A MAN has been sentenced to 15 years in prison for the daily sexual abuse of his daughter from the age of nine for four years.
The now 18-year-old woman addressed the sentence hearing last Monday, through her victim impact statement, in which she spoke of her hatred for her father and described him as a monster.
“I don’t want an apology from him. I wanted him named and shamed but I can’t do that because it would hurt my family,” the woman said.
The 71-year-old man, who cannot be named to protect the identity of his victim, was convicted by a Central Criminal Court jury in March on 60 counts of sexual abuse and 14 charges of rape between January 2002 and September 2006 in Galway and Roscommon. He had pleaded not guilty.
Mr Justice Paul Carney suspended the last three years of the sentence after saying that he did not think it was right that someone should die in prison. He had also taken into account that the man had reached “advanced years” without criminal conviction and had otherwise devoted his life to “hard work and sporting activities”.
Mr Justice Carney declared the man a sex offender. He said he could not be penalised “for putting his daughter on proof of the outrages perpetrated against her” but by doing so he had lost his right to “the most fruitful mitigation, a plea of guilty”.
He also said he had not expressed “genuine remorse” and he had been “smart-alecky” during his Garda interviews, saying 46 times, “if [victim] says so, yes it is true”.
Mr Justice Carney noted that the man later told the jury that he had used a similar sentiment in his coaching days “to humour footballers in the dressing room”.
He had taken into account the following when concluding that the offence merited a 15-year sentence for the rapes and 10 year concurrent terms for the sex assaults.
“The aggravating factors include the breach of trust, the fact the offence occurred within her home where she was entitled to security and sanctuary, the effect it had on her, her age at the time, the frequency and period of time the offence spanned, his absence of remorse and the predatory nature of the offence.”
He had also taken into consideration that the man had tried to jeopardise the trial by communicating with the victim and her mother in the days before it and thereby breaching his bail conditions.

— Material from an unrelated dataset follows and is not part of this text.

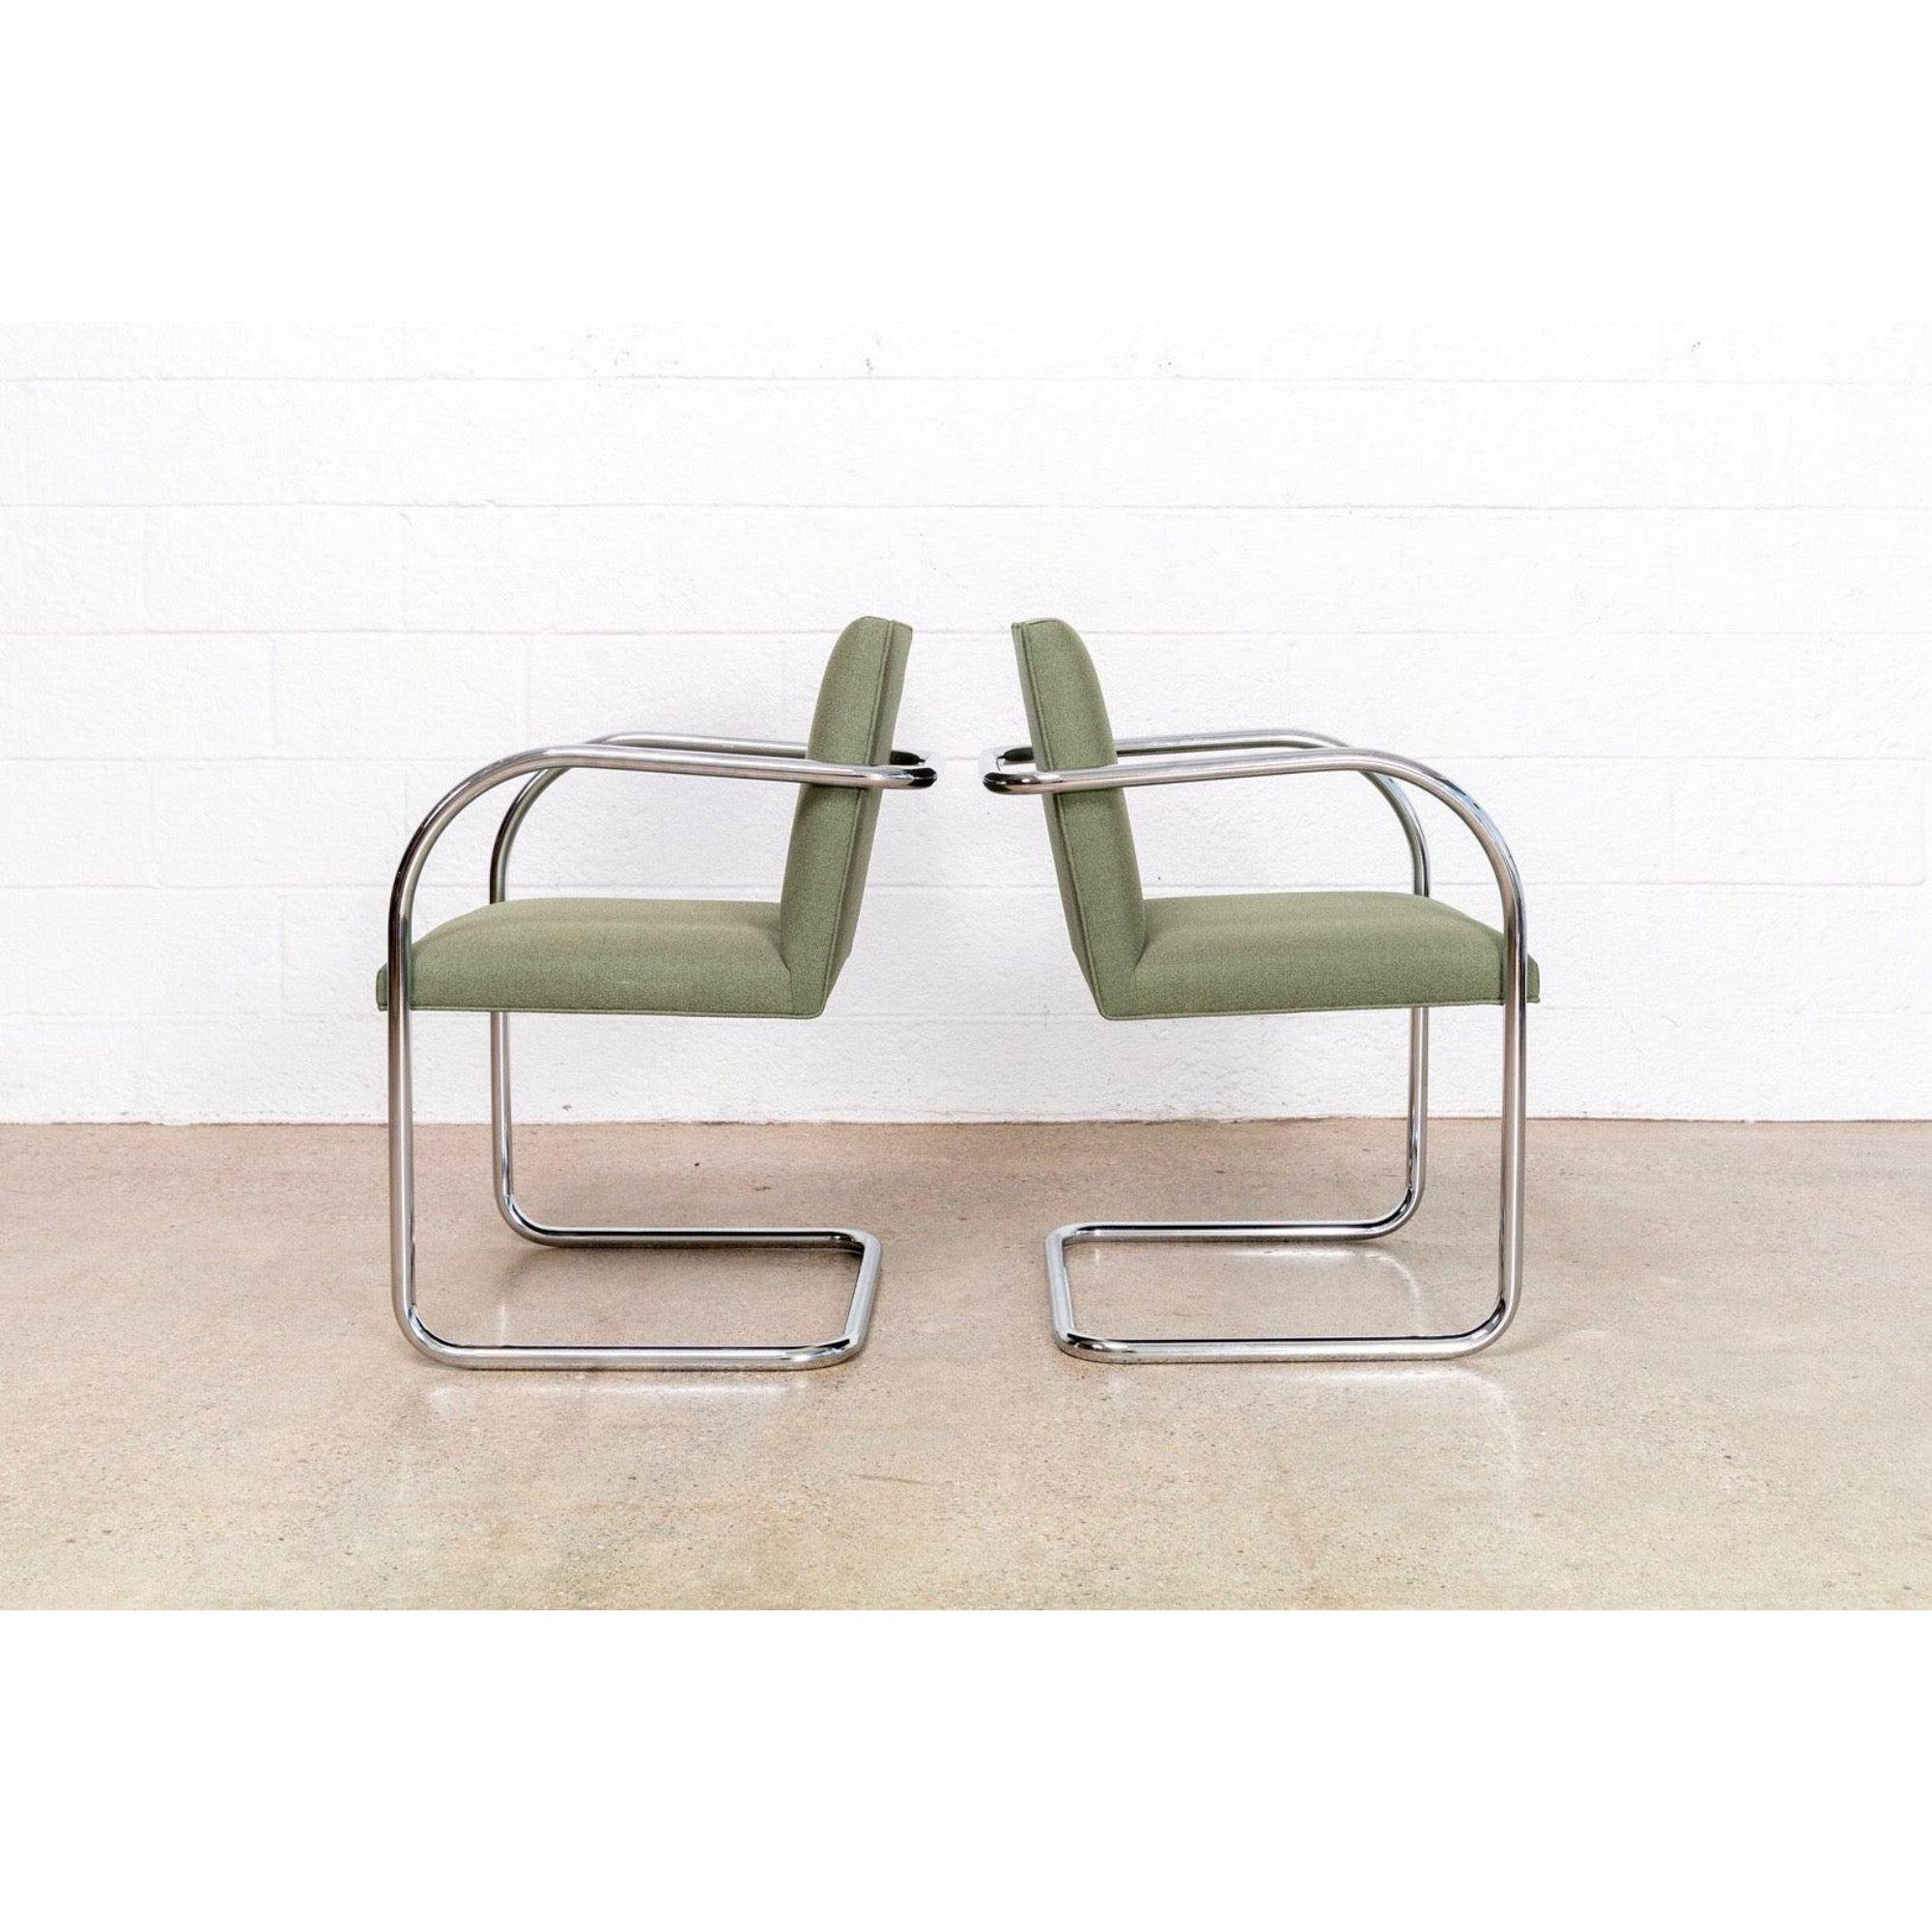 Steel Bauhaus Green Brno Tubular Cantilever Dining Chairs by Mies Van Der Rohe
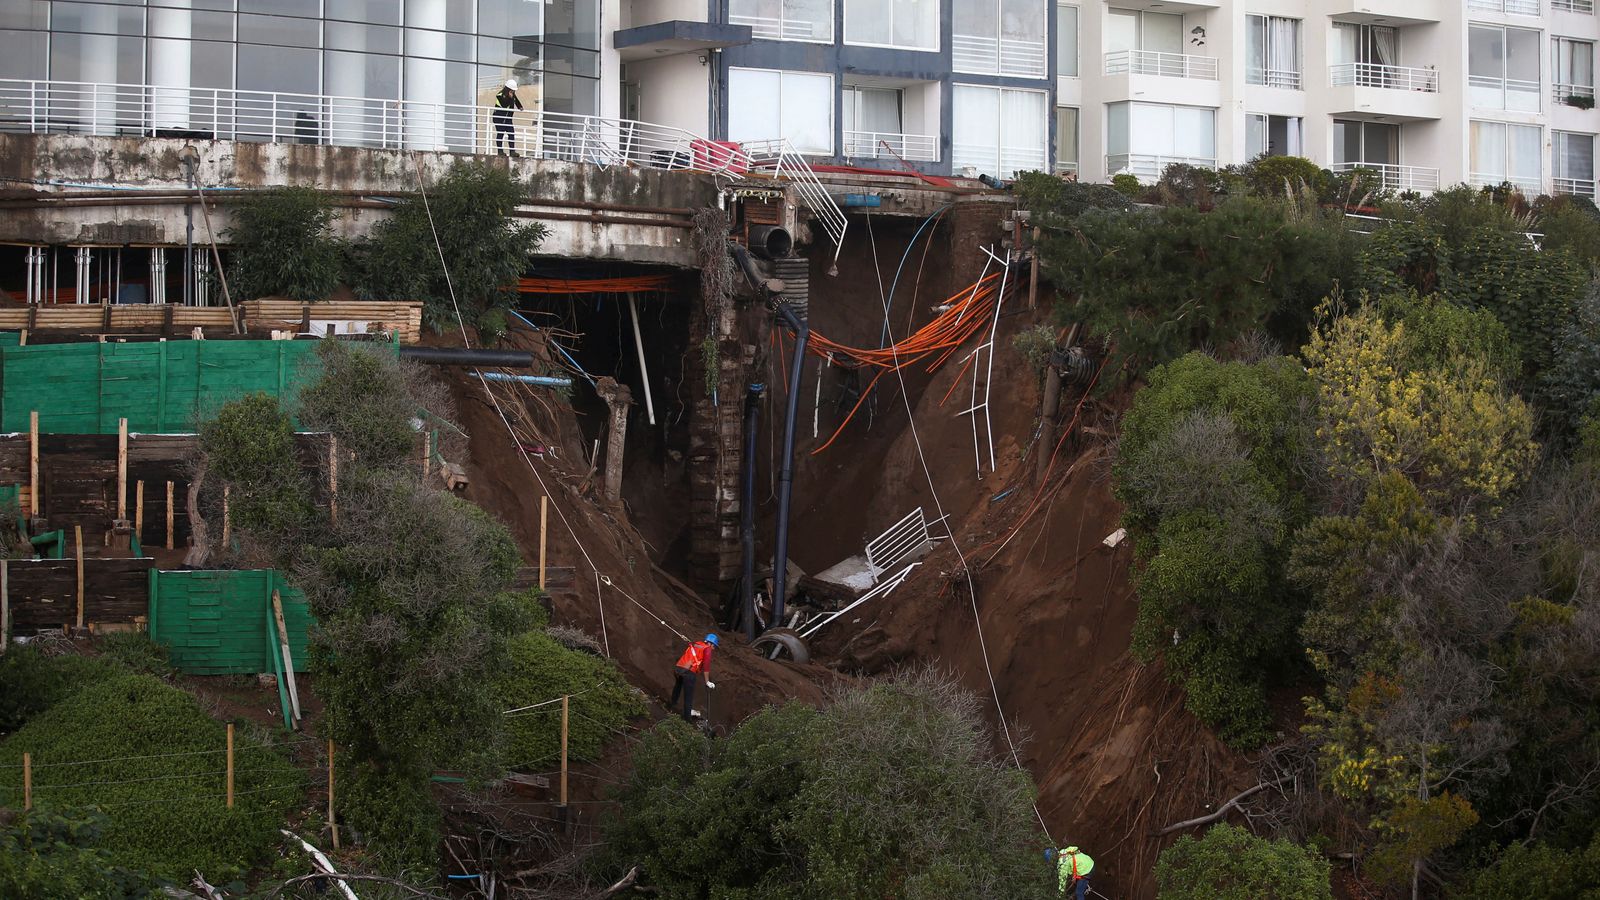 Chilean residents live in fear as homes stand precariously above sinkhole

He suspended the final three years on condition that the man keeps away from his daughter on his release from prison.
The teenager stated in her victim impact statement that her father had put her through the trauma of two trials, after the jury failed to agree on a verdict in an earlier hearing, and he had never shown remorse.
“He waited until the foreman said guilty 74 times before he said sorry,” the teenager said, referring to the man apologising to her and her mother as he was being led away by prison officers following the verdict at the second trial.
She said he had left her siblings without a father and herself without an education “and to pick up the pieces”. She had “a monster for a father”, adding that she never wanted to see or hear from him again.
She said she was “free for the first time” after her father left the family home when she told her mother about the abuse.